A (remote). Media server + MSDP

B (HQ). Master, Media server(B1) + MSDP, 4 tape drives LTO5, Basic disk for Destaging to tape.

             Media server(B2),  Basic disk for Destaging to tape on B1

C (remote). Media server + Basic disk

-backup for remote A goes to MSDP then duplicate to B using schedule slp.  

-There are backup that uses B1 as destination and there are also backup that uses B2 as destination as well

-All backup to disk eventually will destage to tape, this is hourly

-All SLP from remote site will replicate to B1 MSDP then duplicate to tape.  I have schedule slp setup for this.
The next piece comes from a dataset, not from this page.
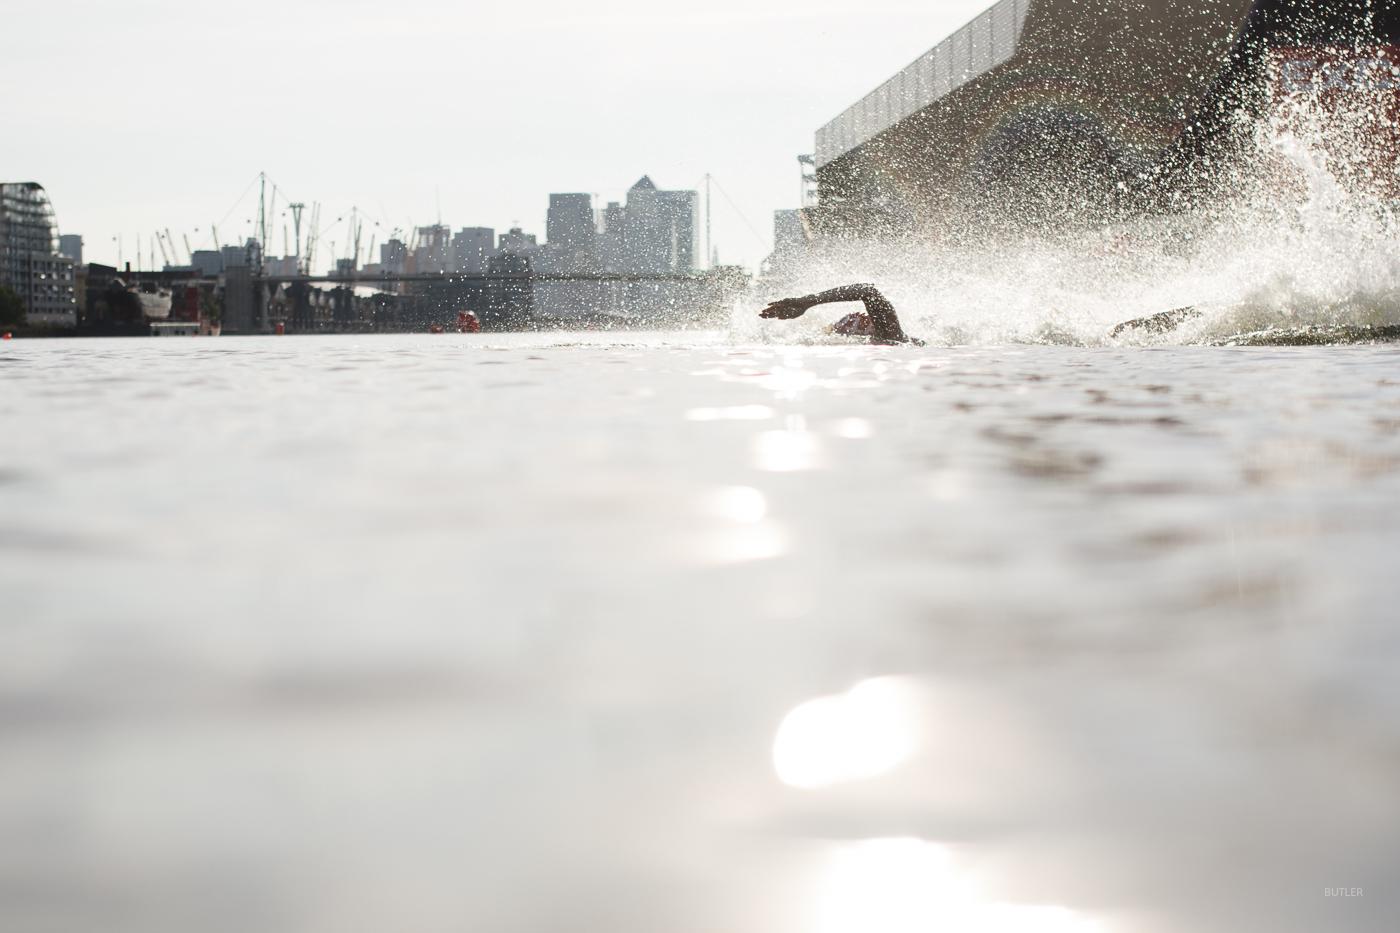 toby-butler-ocean-adventure-devon-unitedkingdom-surf-lifestyle-outdoor-photographer-photography-utah-fashion-england-5.jpg

Only runs during offpeak (non business hours)

As you can see, all backup eventually will write to tape.  Because of destaging to tape AND duplication from MSDP to tape runs in serial, the tape drives will gets very busy and all jobs will be competing for it.  

the problems:

1. as more destaging jobs and slp jobs competing for tape drive resources, we have to keep increasing our the disk size for backup.  Backup images are not fast enough being dumped to tape causing bakcup to fail with disk storage is full.  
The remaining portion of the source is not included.